The top-level description on entity_backed_knowledge_config is important for guiding the model’s reasoning. For example, "Sales call recordings from Q4 2024 with deal outcomes and customer feedback" helps the model understand the domain and tailor its analysis. Without it, the model only sees individual collection descriptions and may miss the bigger picture.

Entity collection config (per-collection)

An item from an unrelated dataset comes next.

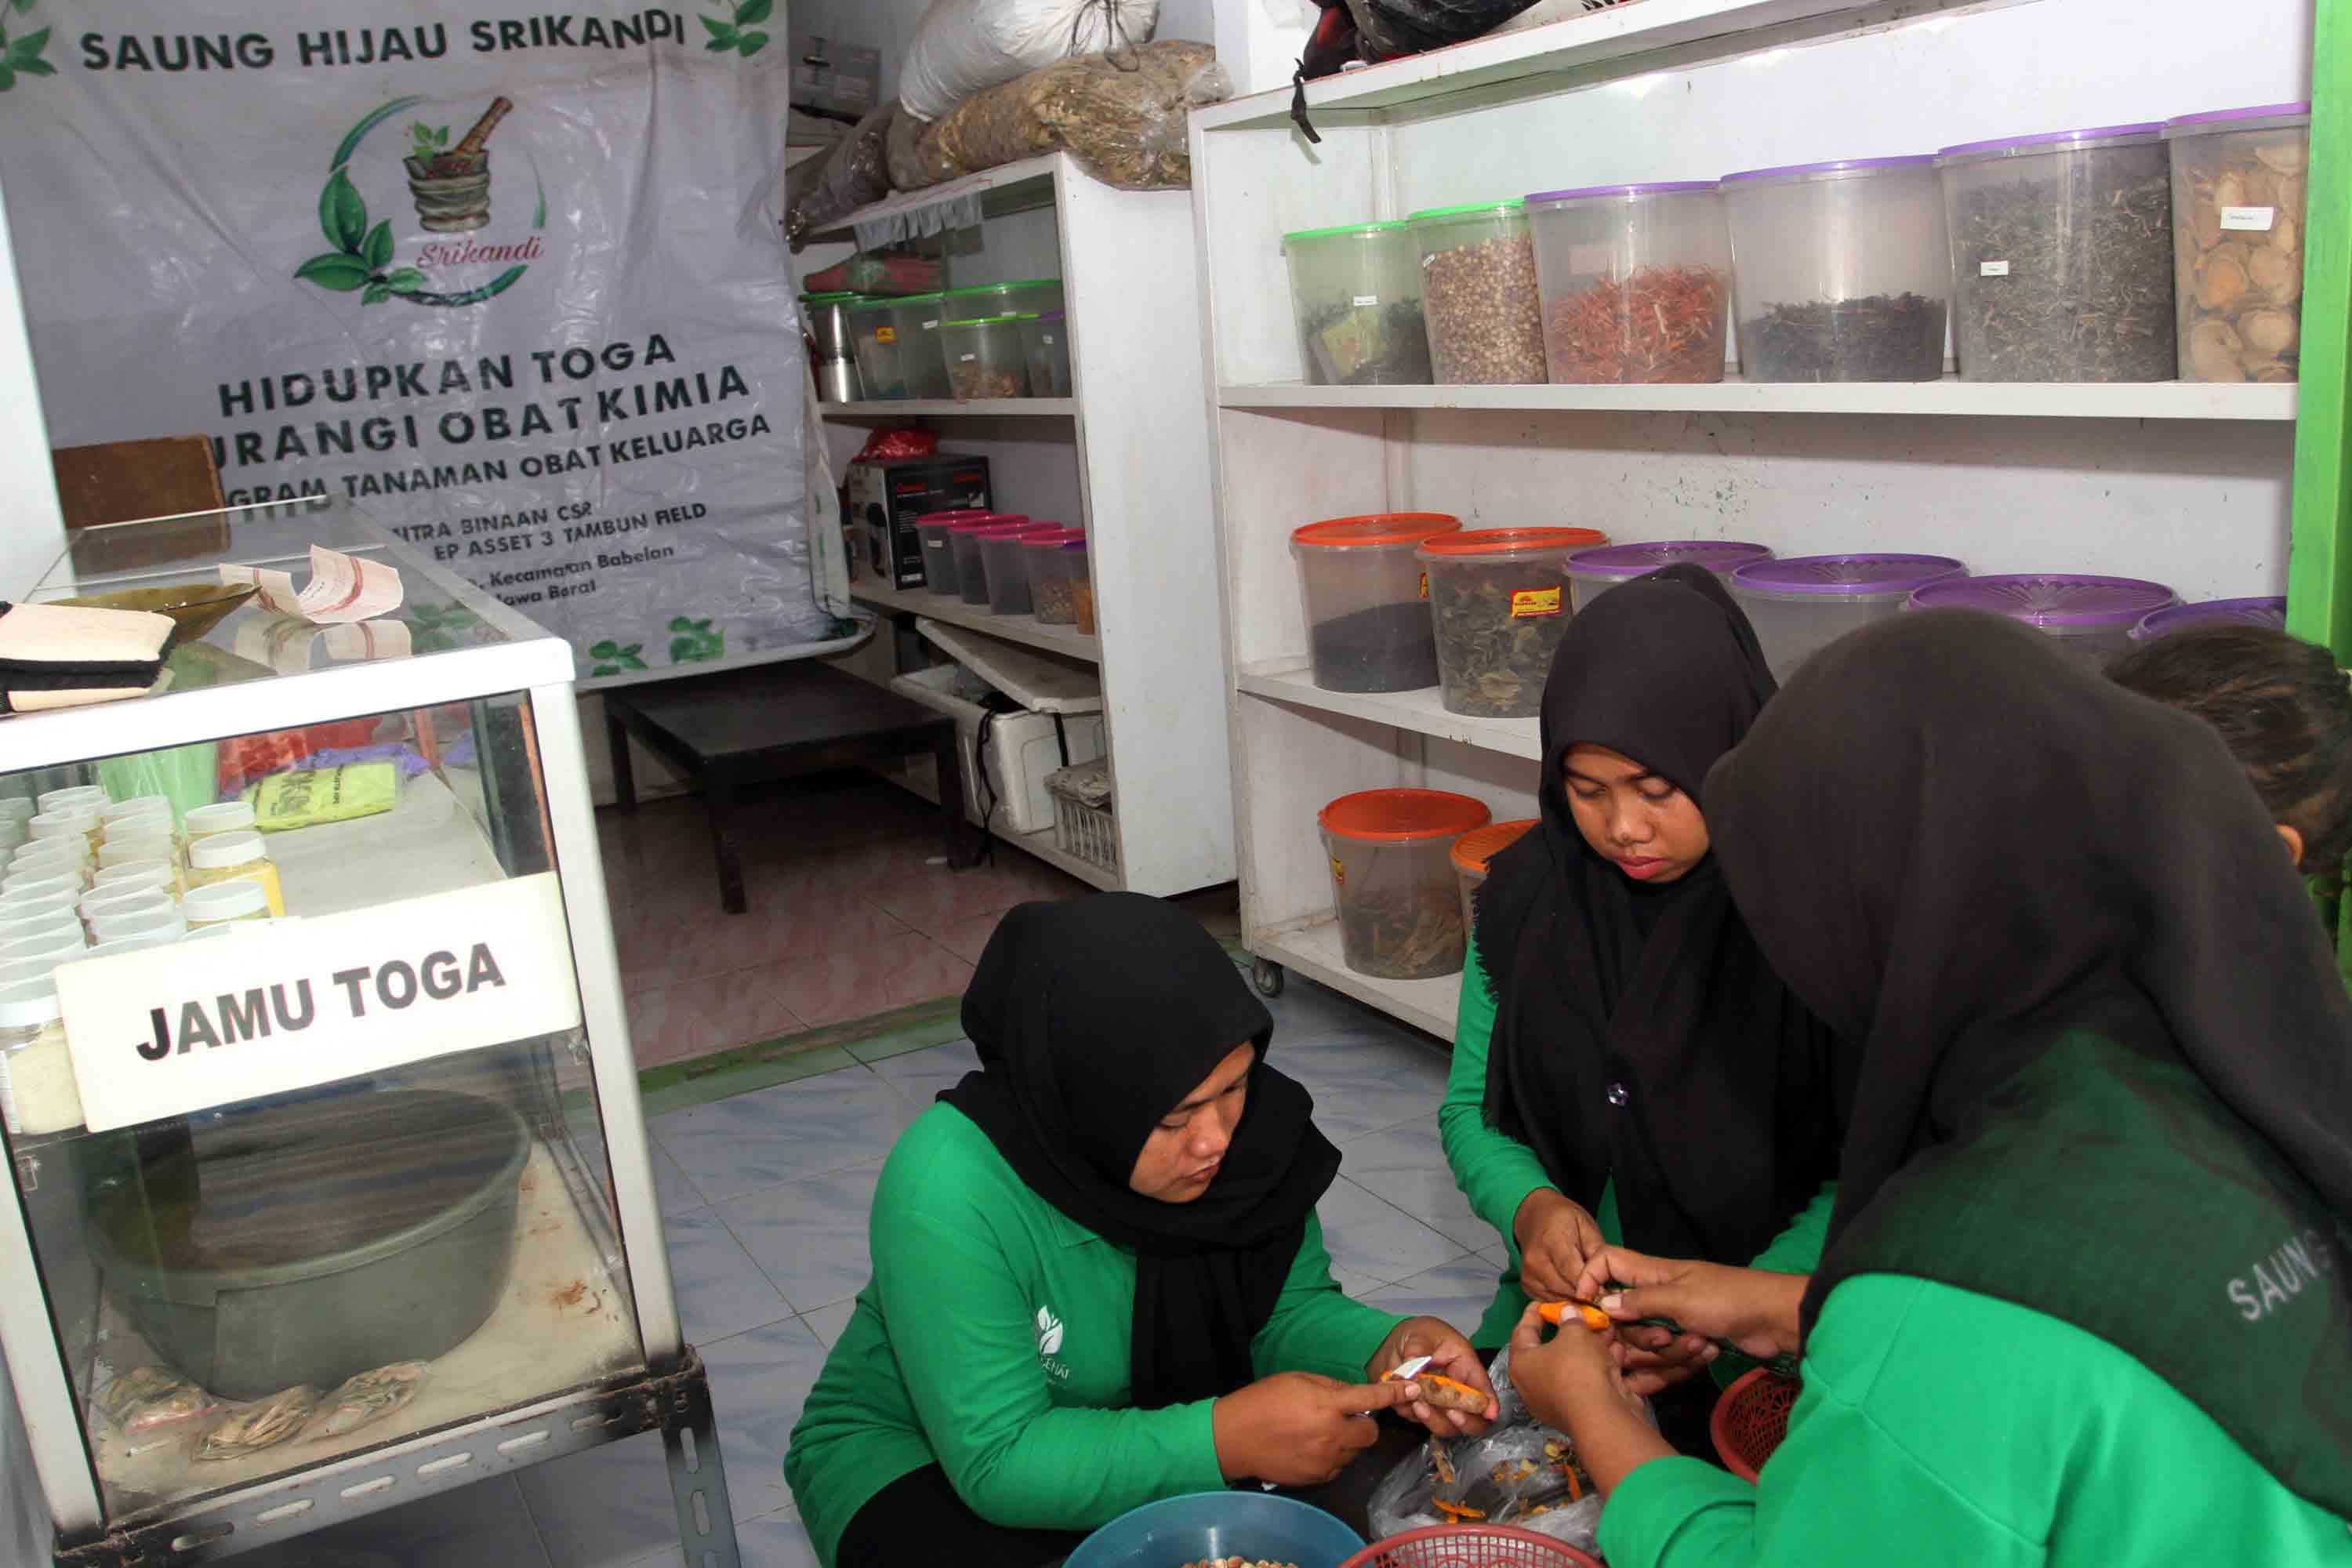 Melihat Kegiatan Komunitas Saung Hijau Srikandi meracik minuman Herbal yang sangat diminati saat Pandemi 4

Field	Required	Description
`collection_id`	Yes	ID of the entity collection
`name`	Yes	Short identifier for the collection (e.g., `"recipes"`, `"speakers"`)
`description`	Yes	Describes what entities are in this collection — helps the model understand when to use it

Entity-Backed Knowledge + Streaming

You can combine entity-backed knowledge with streaming for real-time entity-aware responses:

Python
Node

from cloudglue import CloudGlue

client = CloudGlue()

entity_config = client.responses.create_entity_backed_knowledge_config(
    entity_collections=[
        client.responses.create_entity_collection_config(
            collection_id="ENTITY_COLLECTION_ID",
            name="recipes",
            description="Structured recipe data from cooking videos",
        )
    ],
    description="Cooking videos with recipes and techniques",
)

events = client.responses.create(
    input="What dishes are mentioned and who discussed them?",
    collections=["COLLECTION_ID"],
    model="nimbus-002-preview",
    stream=True,
    knowledge_base_type="entity_backed_knowledge",
    entity_backed_knowledge_config=entity_config,
)

for event in events:
    evt_type = event.get("event")
    data = event.get("data")
    if evt_type == "response.output_text.delta" and isinstance(data, dict):
        print(data.get("delta", ""), end="", flush=True)
    elif evt_type == "response.completed":
        print()

import { CloudGlue } from '@aviaryhq/cloudglue-js';

const client = new CloudGlue();

const stream = await client.responses.createStreamingResponse({
  model: 'nimbus-002-preview',
  input: 'What dishes are mentioned and who discussed them?',
  knowledge_base: {
    type: 'entity_backed_knowledge',
    collections: ['COLLECTION_ID'],
    entity_backed_knowledge_config: {
      description: 'Cooking videos with recipes and techniques',
      entity_collections: [
        {
          name: 'recipes',
          description: 'Structured recipe data from cooking videos',
          collection_id: 'ENTITY_COLLECTION_ID',
        },
      ],
    },
  },
});

for await (const event of stream) {
  if (event.type === 'response.output_text.delta') {
    process.stdout.write(event.delta);
  } else if (event.type === 'response.completed') {
    console.log('\n');
  }
}

Multi-Turn Conversations

The input parameter accepts either a string (single question) or a message array (multi-turn conversation). For multi-turn, include the full conversation history.

Python
Node

from cloudglue import CloudGlue

client = CloudGlue()

# Turn 1: initial question
resp1 = client.responses.create(
    input="What topics are discussed in these videos?",
    collections=["COLLECTION_ID"],
    model="nimbus-002-preview",
)
turn1_text = resp1.output[0].content[0].text
print("Turn 1:", turn1_text)

# Turn 2: follow-up with conversation history
resp2 = client.responses.create(
    input=[
        {"role": "user", "content": "What topics are discussed in these videos?"},
        {"role": "assistant", "content": turn1_text},
        {"role": "user", "content": "Can you go into more detail about the first topic?"},
    ],
    collections=["COLLECTION_ID"],
    model="nimbus-002-preview",
)
print("Turn 2:", resp2.output[0].content[0].text)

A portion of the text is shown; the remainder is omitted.